A. Semantic Segmentation

Semantic segmentation is the task of assigning class labels to all pixels in an image, commonly using convolutional neural networks [11], [25] or vision transformers [26] for end-to-end training. These methods, while effective, depend on extensive annotation and significant computational resources for training, and are limited to predefined categories. Thus, unsupervised, and domain-flexible approaches have recently gained importance.

Unsupervised semantic segmentation [1], [2], [3], [27] attempts to solve semantic segmentation without using any kind of supervision. STEGO [2] and HP [3] optimize the head of a segmentation model using image features obtained from a backbone pre-trained by DINO [4] and DINOv2 [5], an unsupervised method for many tasks. However, unsupervised semantic segmentation clusters images by class but cannot identify the class of the each cluster. In contrast, our TAG distinguishes classes without extra training or annotation.
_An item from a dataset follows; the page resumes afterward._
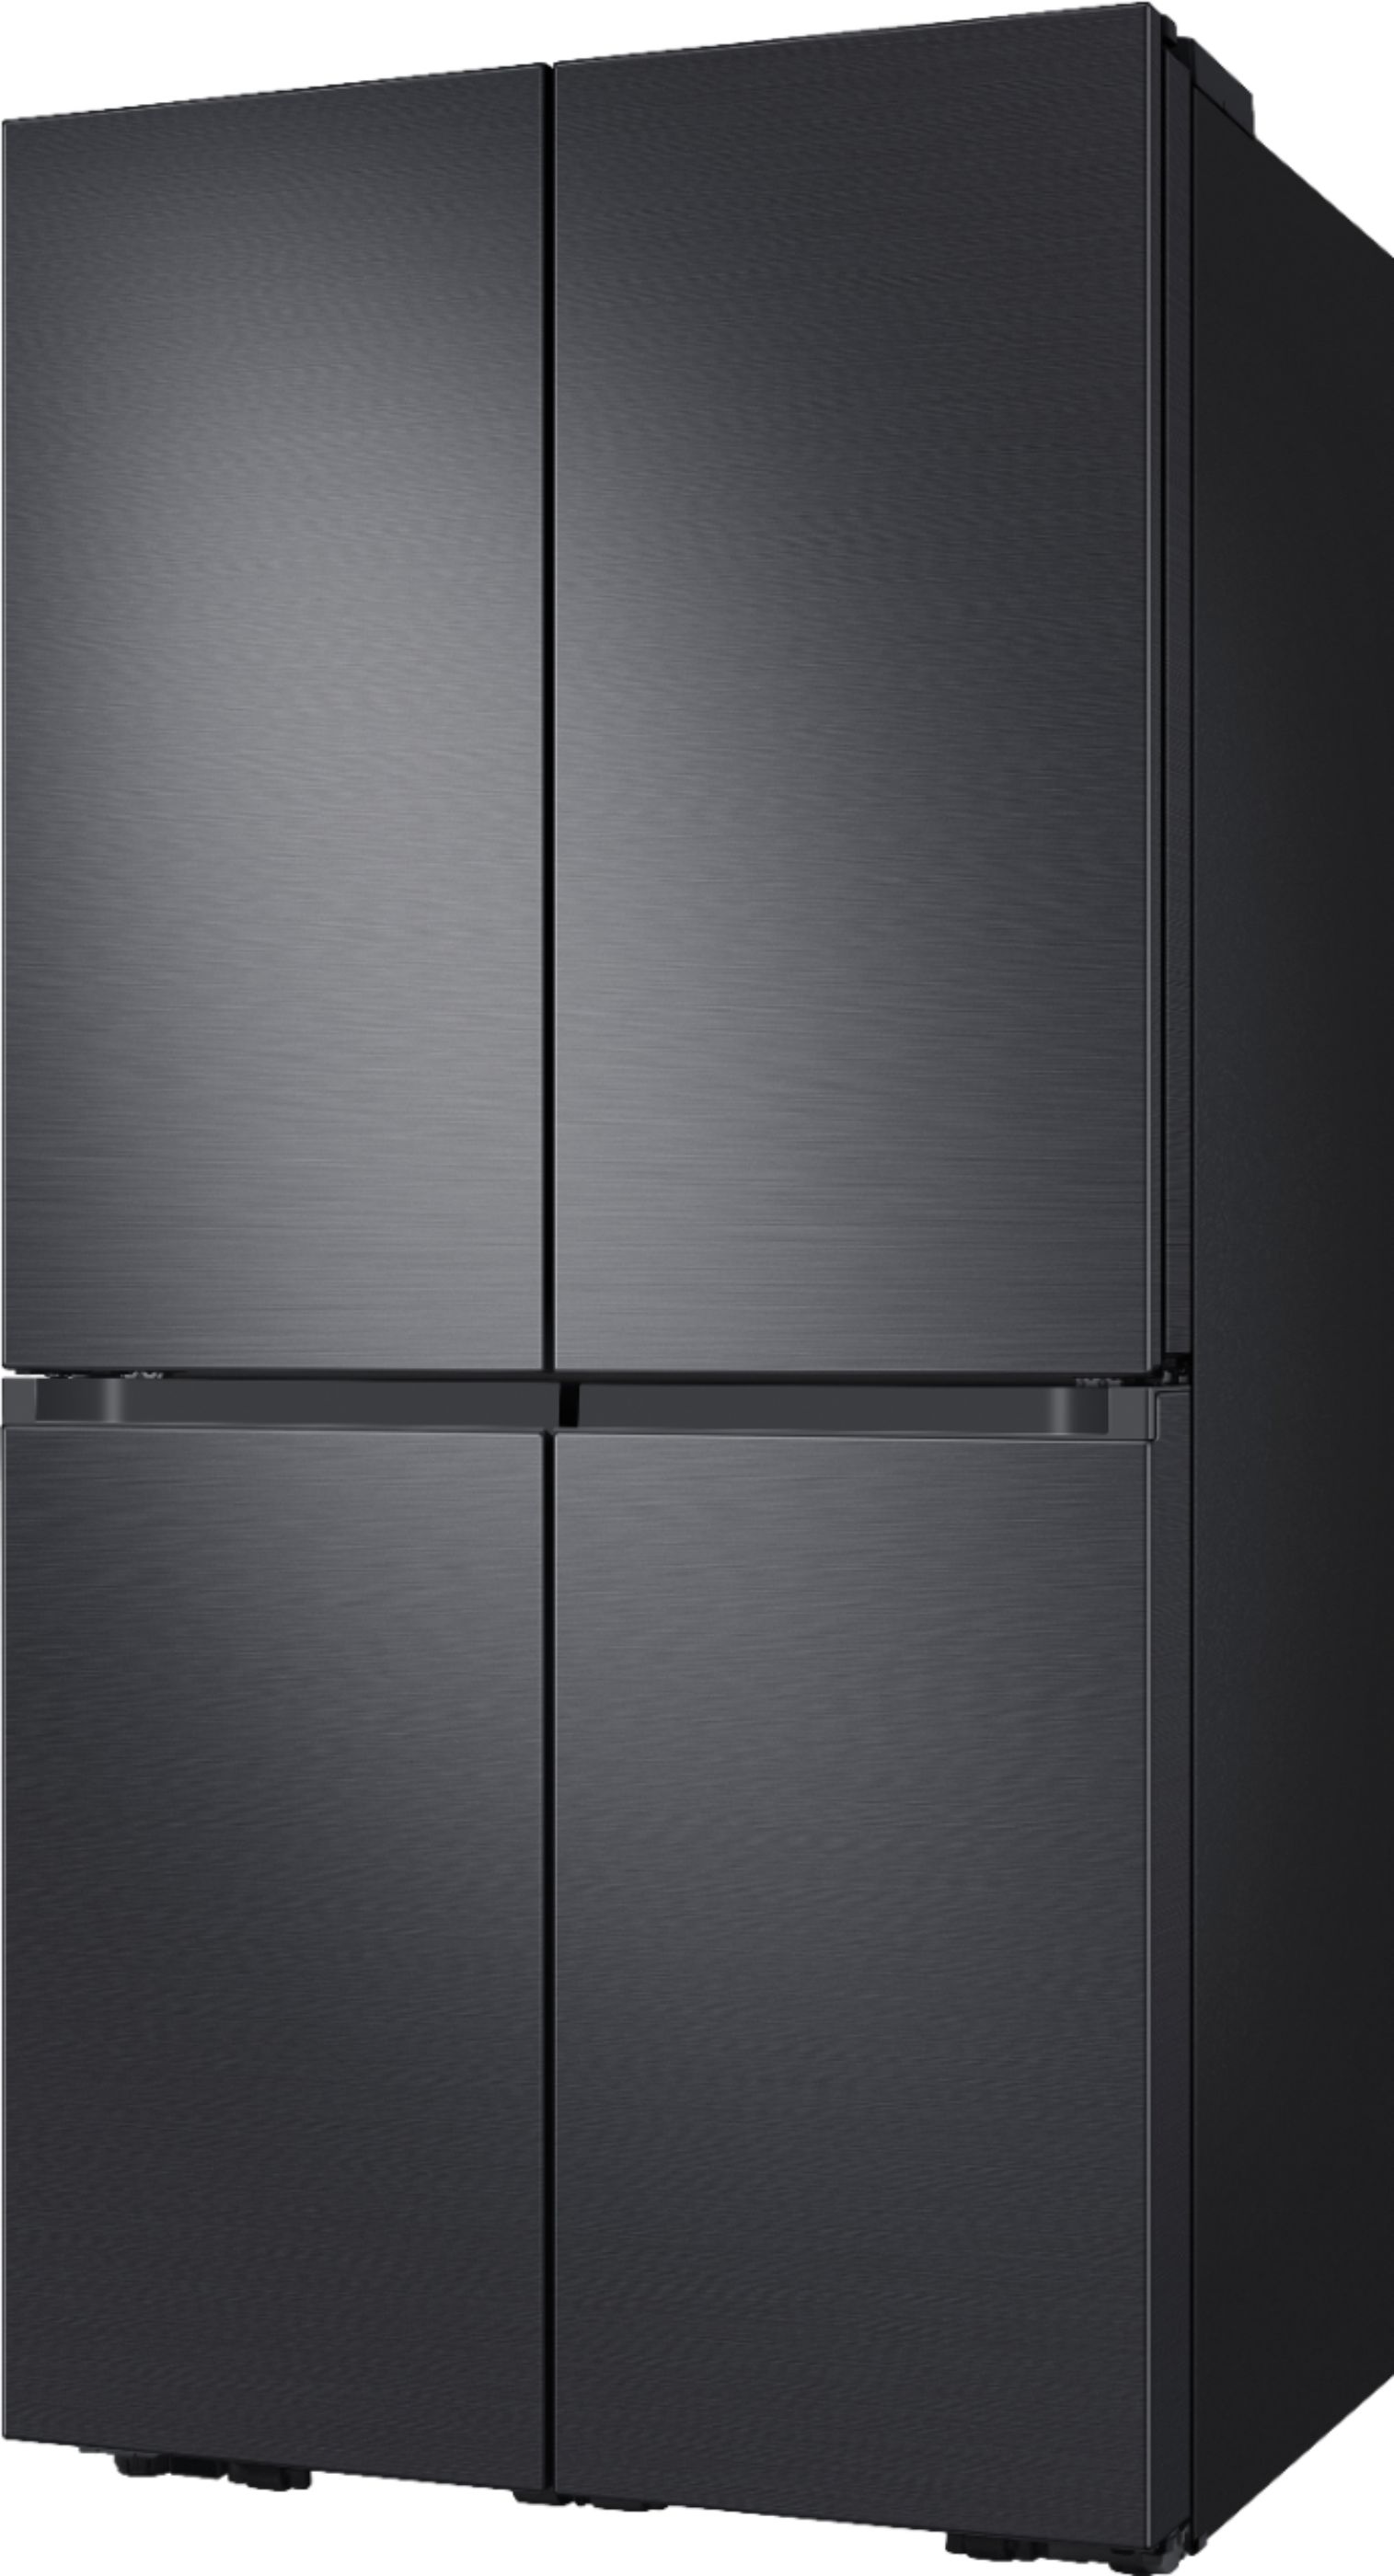 Angle View: Samsung - Bespoke 24 cu. ft Counter Depth 3-Door French Door Refrigerator with AutoFill Water Pitcher - Stainless steel

B. Open-Vocabulary Semantic Segmentation

Open vocabulary semantic segmentation, crucial for segmenting objects across domains without being limited to predefined categories, has seen notable advancements with the introduction of key methodologies [6], [7], [7], [8], [9], [10], [28], [29], [30], [31], [32], [33], [34].

Early attempts, such as ZS3Net [30] and SPNet [32], focused on zero-shot learning, training custom modules to bridge visual and language embedding spaces. These methods set the foundation for future improvements.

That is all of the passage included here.